Sunday, 29 April 2007
Gwoemul; horror/ science-fiction/ drama, South Korea, 2006; D: Joon-ho Bong, S: Kang-ho Song, Hie-bong Byeon, Hae-il Park, Du-na Bae, Ah-sung Ko
Seoul. Some American scientist ordered the pouring of the toxic formaldehyde in the local river Han. In 2006 a mutated monster emerged from the river and kidnapped a large number of people in the town, including Hyun-seo, the daughter of Kang-du, a clumsy employee of a small store. Kang-du, his brother Nam-joo, his sister Nam-il and grandpa end up in a quarantine, but manage to escape from the authority to save the daughter who contacted them through the mobile phone that she is still alive. Namely, the monster samples people and places them in the sever in order to eat them later. The government approves the use of the toxic "Yellow Agent", but the monster gets firstly set on fire and killed by Kang-du. Hyun-seo didn't manage to survive, but Kang-du adopted a young boy that was also about to get eaten by the monster.
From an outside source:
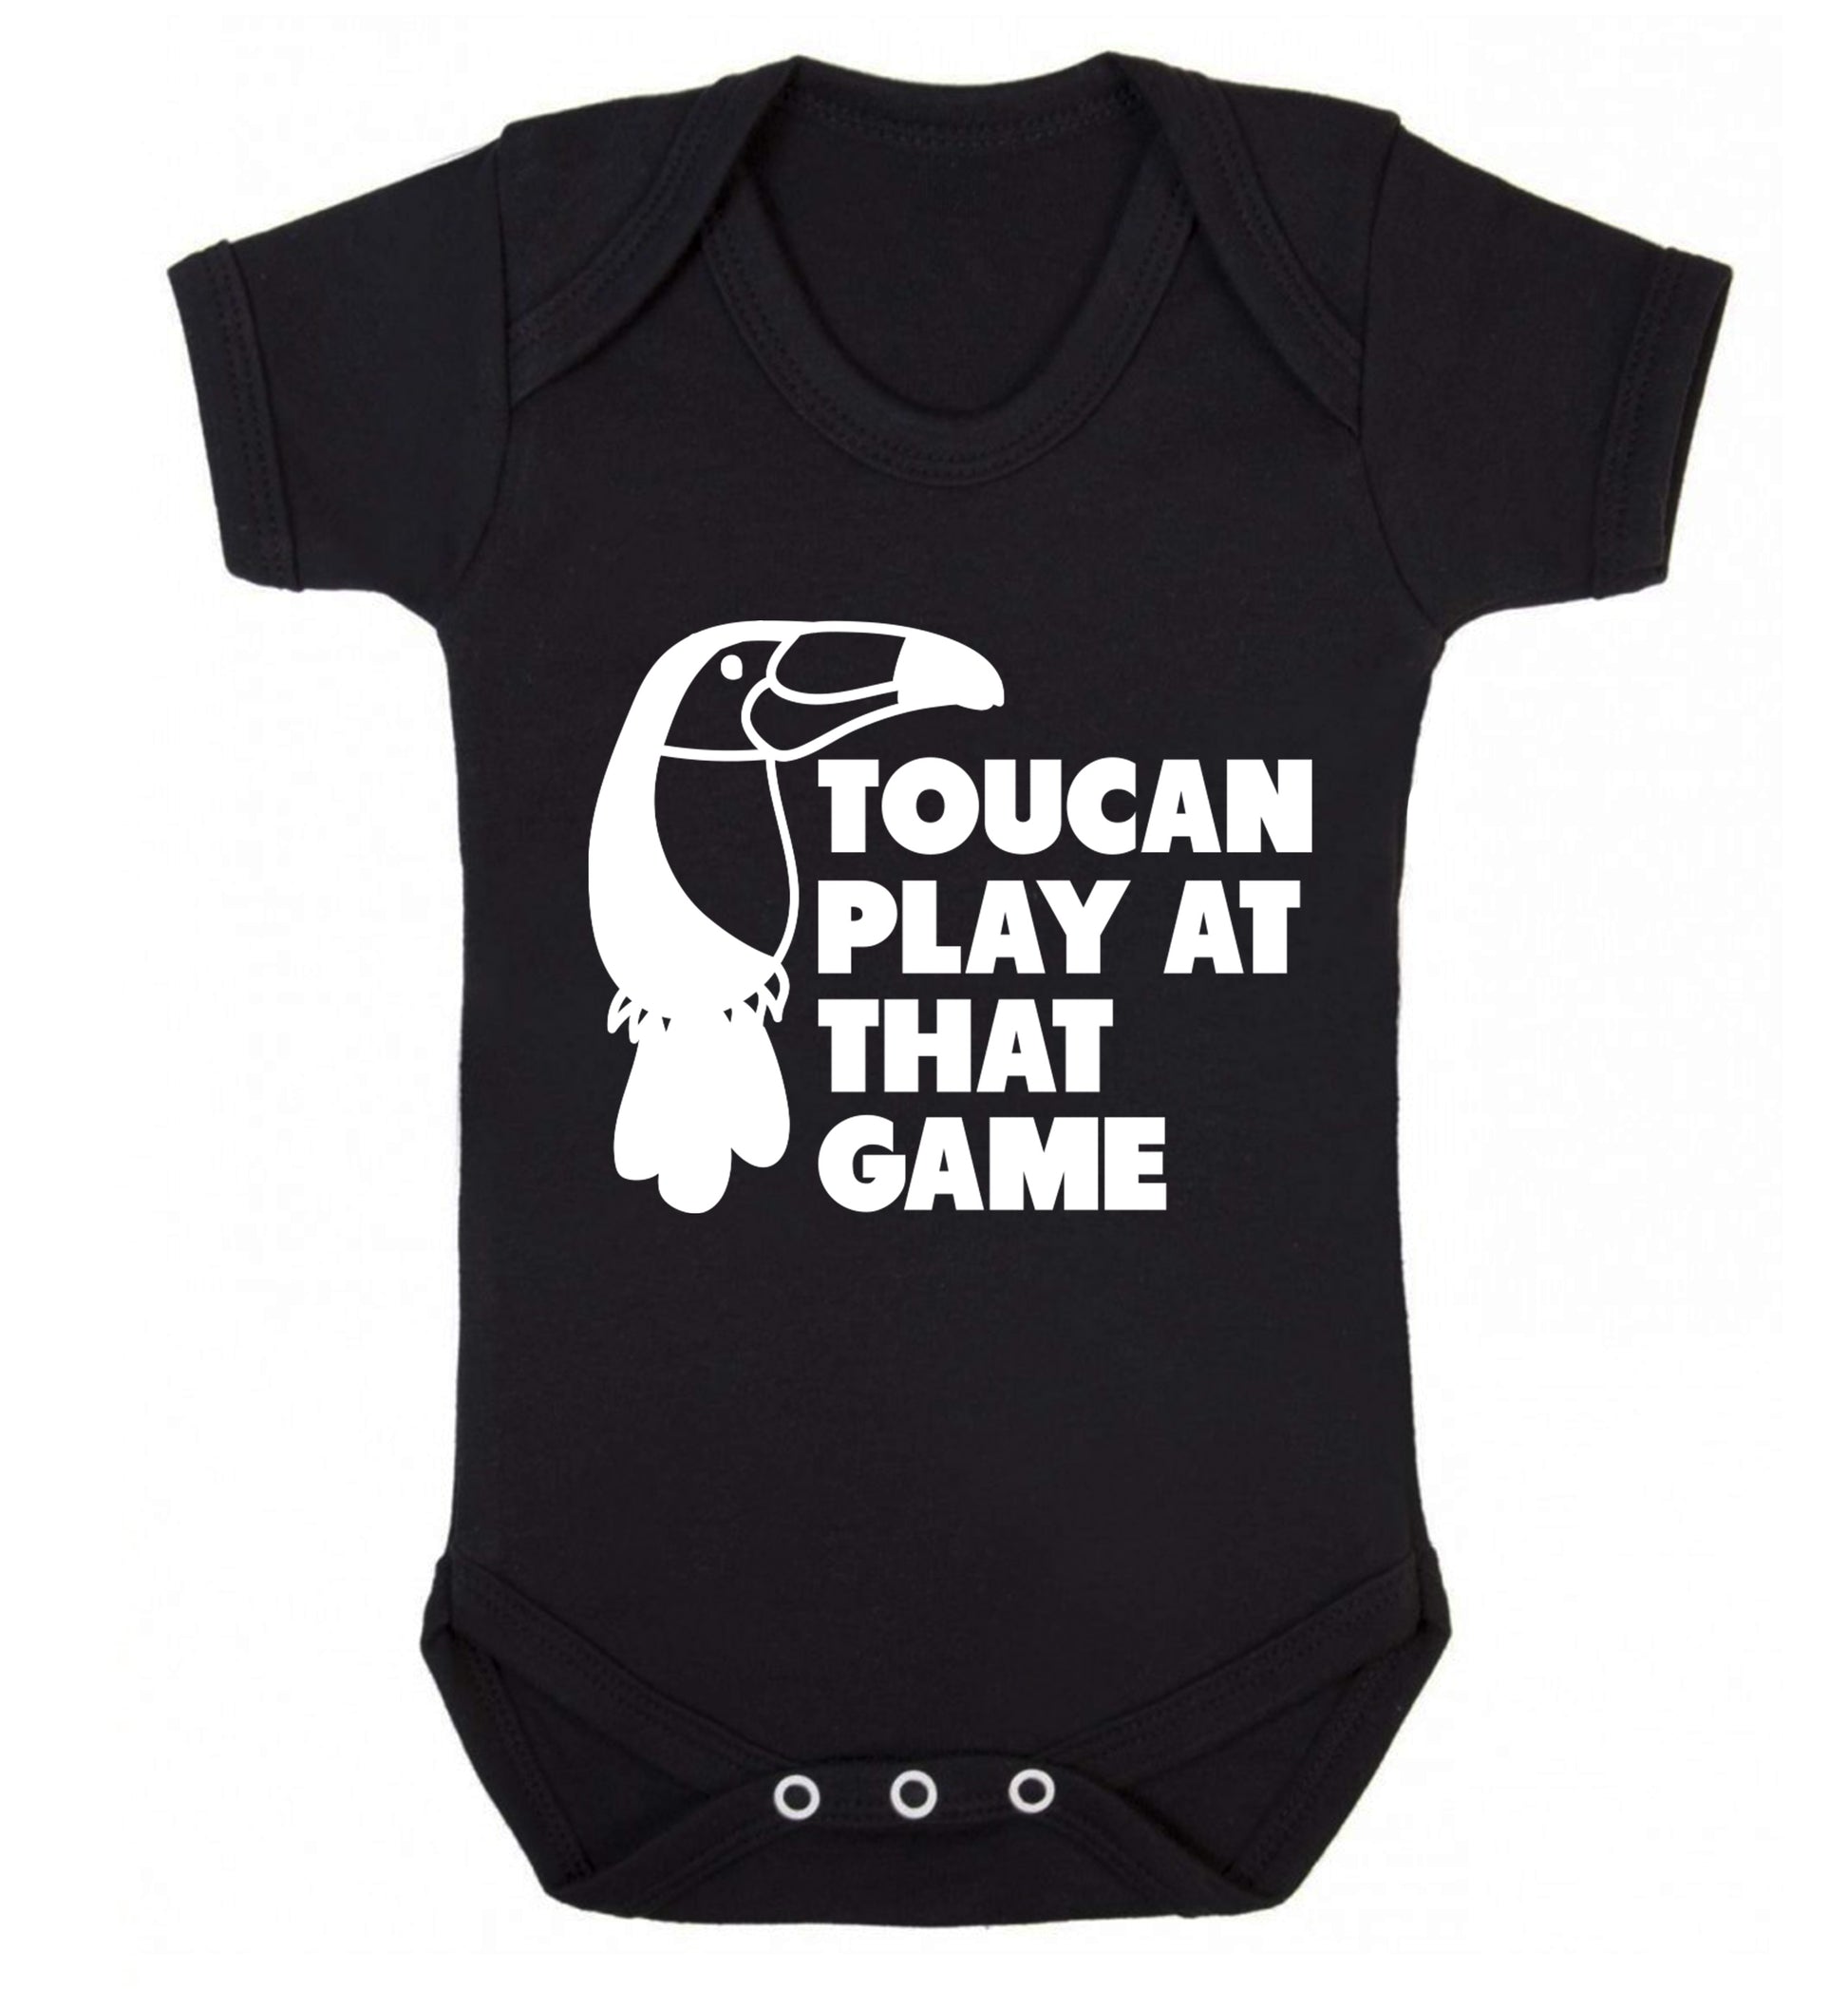 Toucan play at that game Baby Vest black 18-24 months

From time to time a movie shows up that takes the standard, cliche concept for a story and handles it in a completely anti-standard way. South Korean fantasy film "The Host" is one of those films, and more. In that unusual endemic film the director Joon-ho Bong amusingly plays with the expectations of the audience: always when the viewer thinks that a situation is going to unravel by the scheme A-B-C, she suddenly unravels by the scheme A-Z-D, which gives the story unpredictability, spirit and charm. Besides the fact that the monster shows up right after 15 minutes, not at the very end, a good example is also a sequence after it kidnapped the daughter and some other citizens: her dad, Kang-du, and his sister, grandpa and brother gather to her improvised "funeral" and start mourning. Then they start whining and sapping, overshadowing every other person that mourned their kidnapped relatives. After a while the whining of the four becomes so exaggerated that it turns into a comedy at one point, especially when they all together fall on the ground and the reporters start taking pictures of them. Bong made a difficult transgression from a drama into a comedy in that sequence with such delicacy as if it was the simplest thing in the world.
The whole concept of a monster not eating their victims, but "saving" them to eat them later is slightly unrealistic, as is it's anatomy and the finale suffers from mild tendentiousness, but despite it's flaws the movie is directed with bravura and contains a load of virtues and healthy spirit with a secret message about family values, human ignorance and fight of the individual against the system: just like in Bong's previous film "Memories of murder", a mass murderer, this time a monster, is terrorizing people and the government could have stopped him, but it didn't, or didn't want to, either to use it as a pretext to place the county under martial law or to use "Agent Yellow". It's a shining film that made the most out of the unpromising plot, offering intelligent questions and social commentary, full of style (the way the protesters fall like dominos when smoke from "Agent Yellow" covers them up) and in one of the most subtly hilarious scenes a reporter on the public TV announces that people that came in contact with the monster became sick, while some guy sneezes on the street in the crowd, making everyone frightened.